2011年~2013年の高校入試問題から頻出問題を精選しており、「標準」「発展」「難関」の3コースで1回5問の実践形式で50回分計250問が掲載されています。
問題が古いのが難点ですが、この1冊で総仕上げができるという点ではいい教材だと思います。
東京出版、高校への数学
言わずと知れた東京出版の「高校への数学」です。
チャート式、ハイレベル中学数学問題集と違い、新しい問題をベースに毎月学習を深めていける教材としてはおすすめです。
私は中学1年の間に独学で中学数学を勉強し、1年生の2月にこの雑誌に出会いました。以降数学はもっぱらこの雑誌のみで勉強してました。
そして「学コン」にチャレンジしていくことで数学力を高めることができました。
「大学への数学」への橋渡し的な位置づけですね。
まとめ
算数と数学の大きな違いは、
「答えを正しく求める」ことが重要な教科から、「なんでそうなるんだろう?」という答えに至るまでの考え方が重要な教科への転換です。
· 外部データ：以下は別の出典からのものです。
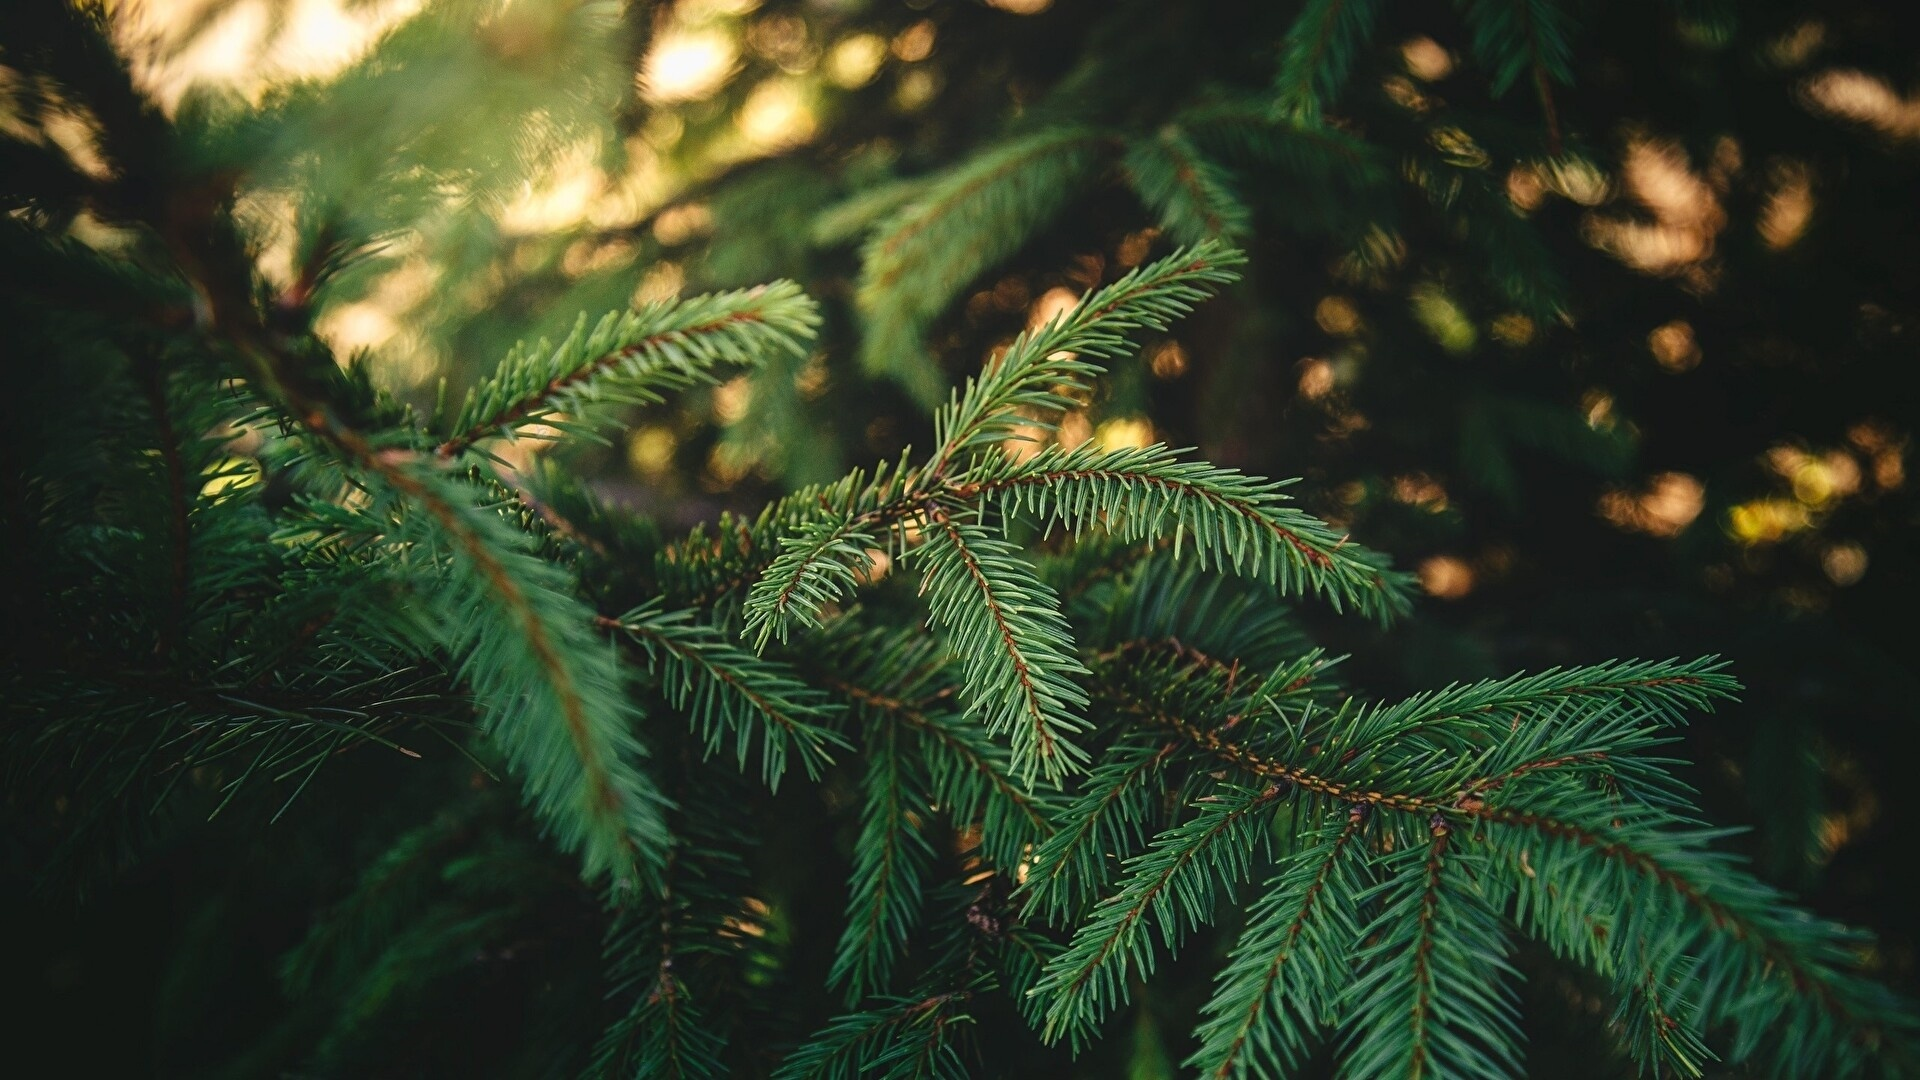 Spruce Branches wallpaper for desktop
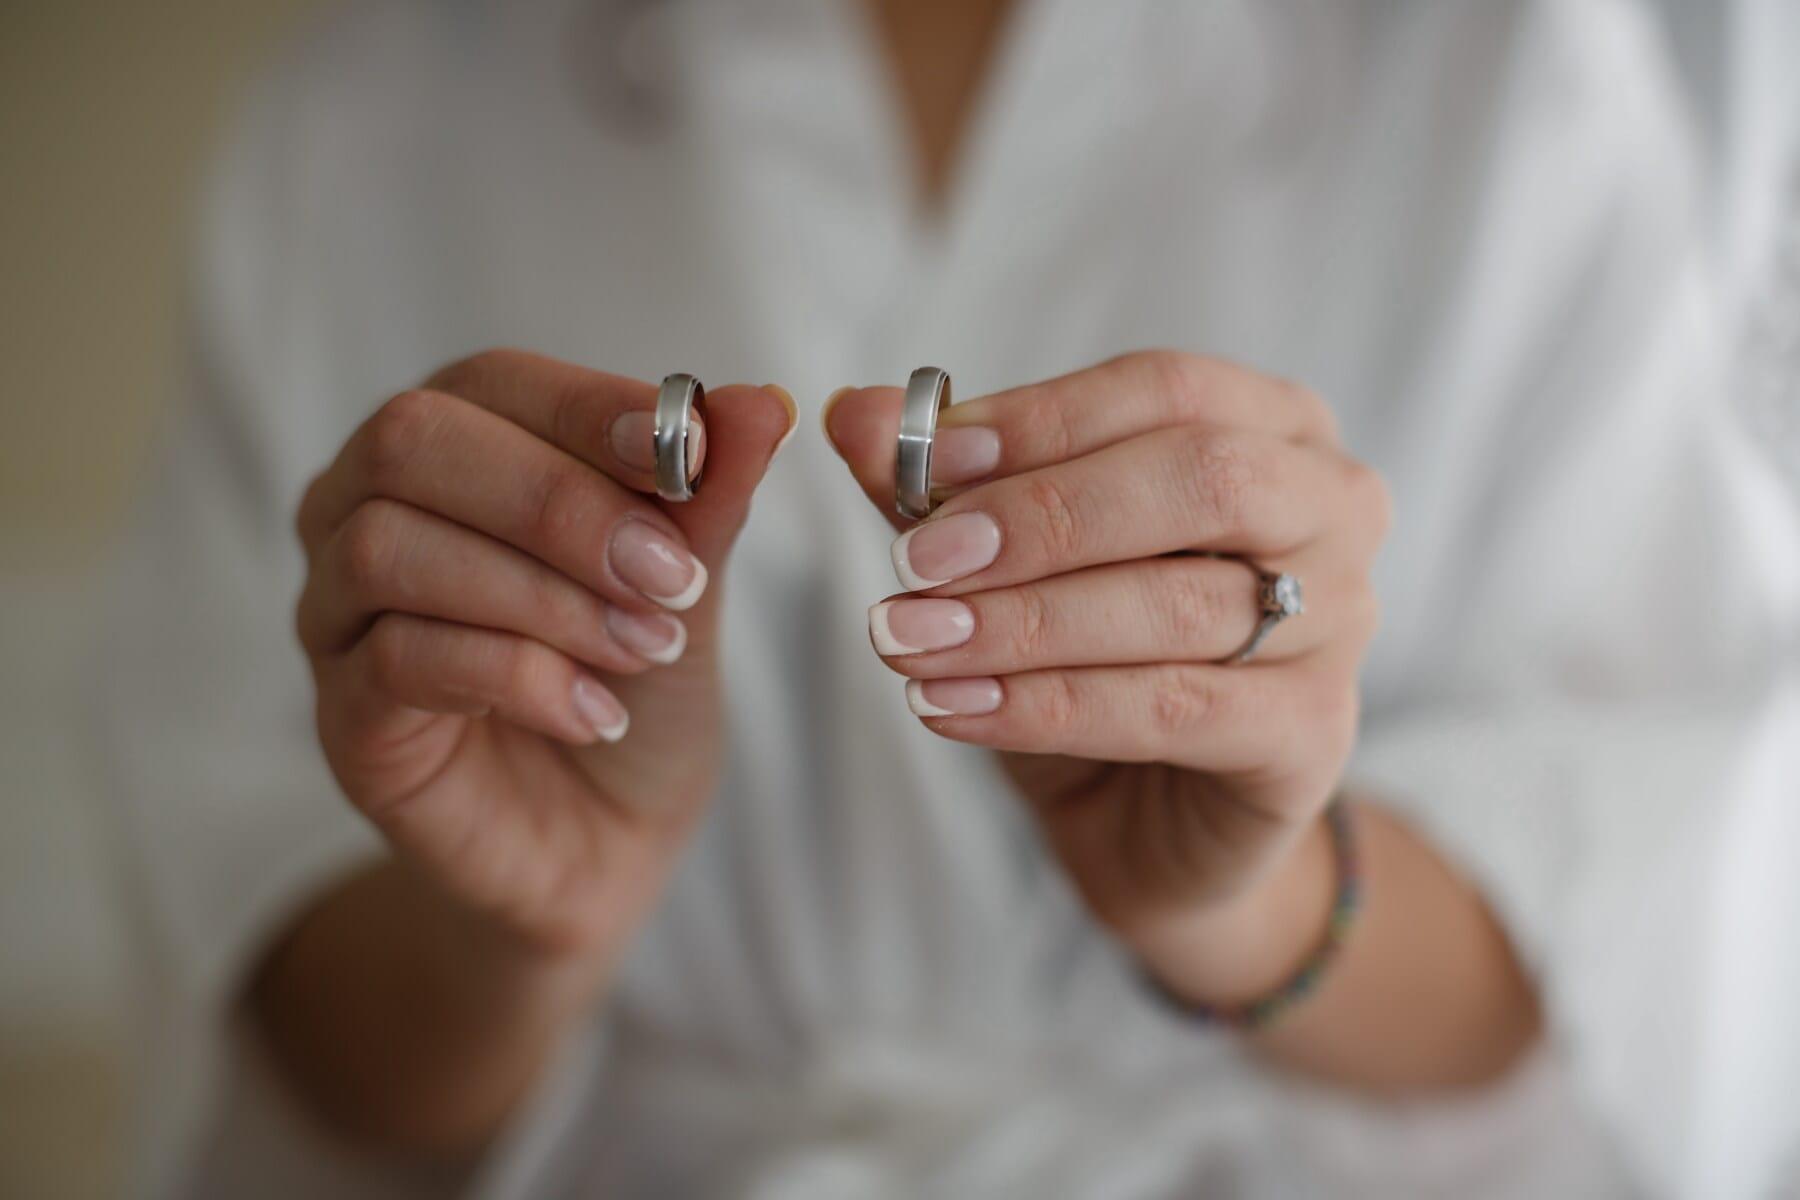 paar, Ehering, Ringe, Nagelpolitur, Maniküre, Hände, Hand, Finger, Braut, Frau

算数のテストのように正しい答えが出せればいいから、正しい答えを出すのは当然としてその過程の論理の正しさ、緻密さをどこまで追い求めるかという勉強の仕方に転換していく必要があります。
そうしないと、中3ぐらいから高校数学の単元に入っていくとさらに抽象度が増すので苦労することになります。
春休みのうちに先取り学習で進めることもいいのですが、まずは
(マイナス)に(マイナス)をかけたらなぜ(プラス)になるのかを説明できる
ことから始めてはいかがでしょうか?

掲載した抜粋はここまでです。